Here's the mathematical reality underneath everything we've described: the forward pass is almost entirely matrix multiplication.
A matrix is just a 2D grid of numbers. When you multiply two matrices together, you compute dot products between rows and columns in a very specific pattern. It sounds abstract until you realize: running a layer of neurons on an input is exactly a matrix multiplication.
The weight matrix for a layer has one row per output neuron and one column per input. Multiply the input vector by that matrix and you get the output of every neuron in the layer simultaneously — in one operation.
# A whole layer of neurons — same as a matrix multiply # inputs: vector of length N # weights: matrix of shape (N, M) — N inputs, M output neurons # bias: vector of length M output = relu(inputs @ weights + bias) # The @ operator is matrix multiplication in Python # This one line replaces a loop over M neurons
The entire network, every layer, is a chain of these operations. The forward pass for a full 7B parameter model on a single token is thousands of matrix multiplications.
Matrix multiplication is the core operation. Everything else in the architecture — attention, normalization, embeddings — either is matrix multiplication or is structured specifically to work well with it.
A CPU is designed to execute instructions sequentially and quickly, with sophisticated logic for handling conditional branches, memory hierarchies, and complex instruction sets. It's a general-purpose problem solver with a small number of very powerful cores — typically 8 to 64.
A GPU was originally designed for graphics — specifically for transforming millions of pixels simultaneously. To do that, it sacrifices the complex per-core logic of a CPU in favor of having thousands of simple cores that all execute the same operation at the same time.
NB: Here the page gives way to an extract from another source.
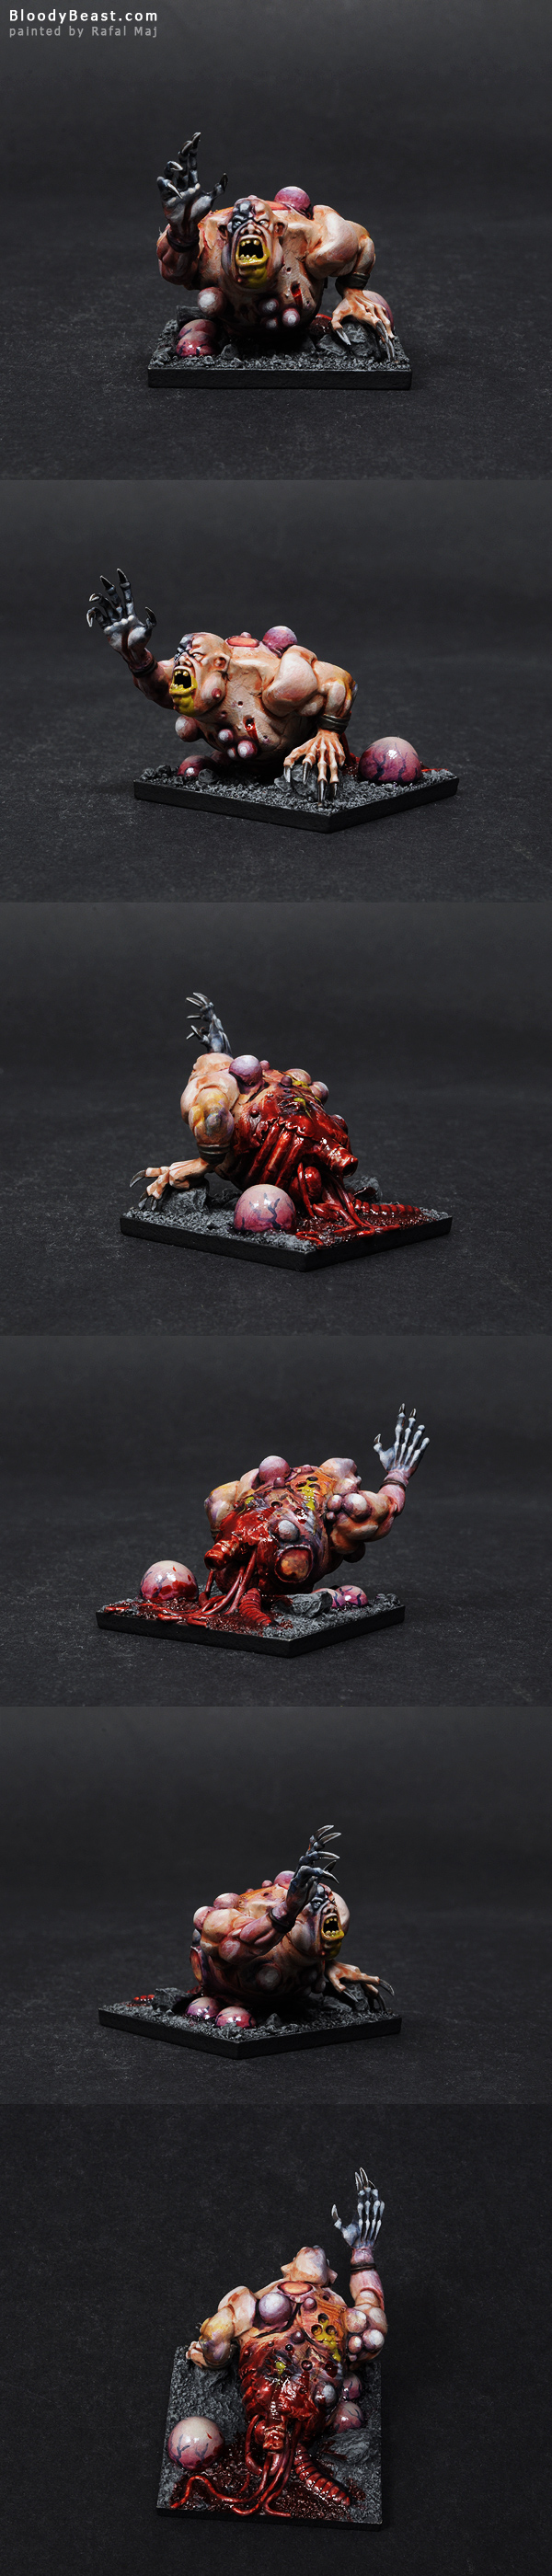 Nurgle Half Ogre painted by Rafal Maj (BloodyBeast.com)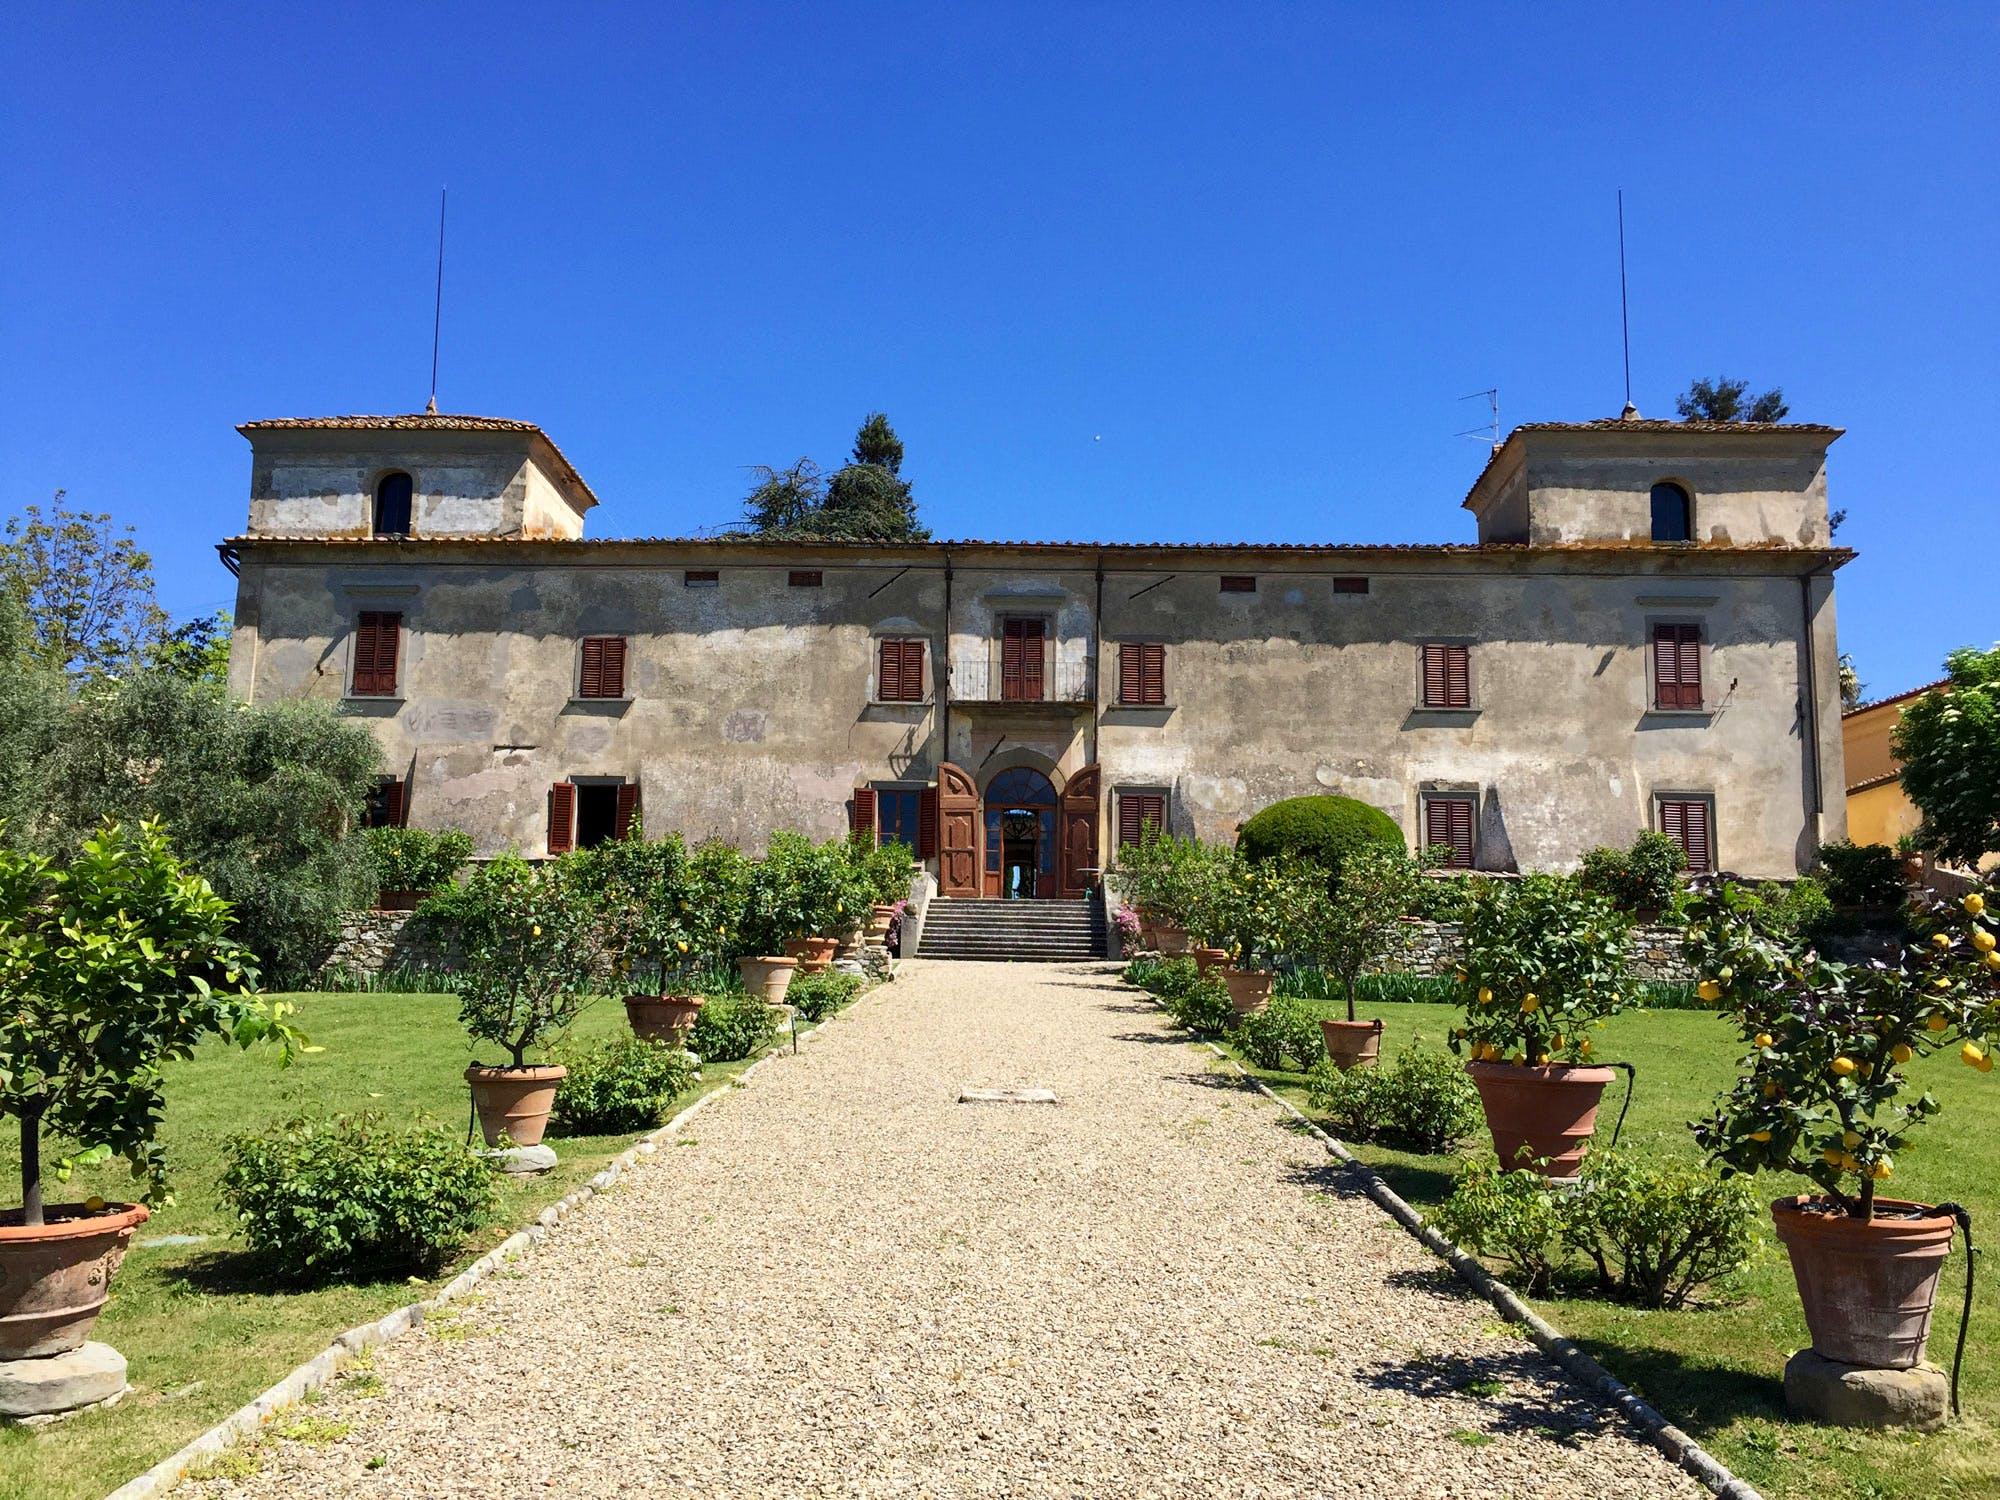 Villa Medicea Di Lilliano Luxury Residences Near Florence

Matrix multiplication is embarrassingly parallel — a term in computer science meaning the computation can be broken into independent pieces with no dependencies between them. Each element of the output matrix depends only on a single row and column of the input matrices — no element needs to wait for another to be computed first.
This is a perfect match for GPU architecture. An A100 GPU has 6,912 CUDA cores. An H100 has nearly 17,000. They can all multiply simultaneously. What would take a CPU minutes can take a GPU seconds — or milliseconds.
The AI hardware boom isn't about AI being mysterious. It's about one operation — matrix multiply — being central to the entire field, and GPUs being extremely good at it. NVIDIA didn't predict the AI boom; AI happened to need exactly what NVIDIA was already building.
When a model runs inference, its weights must be loaded into GPU memory (VRAM). Not RAM. Not disk. VRAM — the fast memory physically on the GPU card. The CPU can't run the matrix multiplications; only the GPU can. So the weights have to live where the GPU can reach them instantly.
This is the hard constraint that determines what hardware you need:
A consumer GPU like an RTX 4090 has 24GB VRAM. That fits a 7B model in FP16 with some headroom for inference — but nothing larger. Running a 70B model requires either multiple high-end GPUs, quantization (reducing precision from 16-bit to 4-bit, cutting VRAM requirements by 4×), or a server-grade card like an A100 (80GB) or H100 (80GB).
Quantization is why you'll see model filenames like llama-3-70b-Q4_K_M.gguf. Q4 means 4-bit quantization — approximately 4× reduction in VRAM at the cost of some precision. Q5 and Q6 are better quality but larger. Q4 is usually the sweet spot for consumer hardware.
When someone says a model has "7 billion parameters," they mean: the model's weight matrices, combined, contain 7 billion individual numbers.
Bigger models have more weights, which means more capacity to represent complex patterns in language. But bigger also means more VRAM required, slower inference, and vastly more compute to train. The art of modern AI research is getting maximum capability out of minimum parameters — which is why small models are often more interesting than their headline numbers suggest.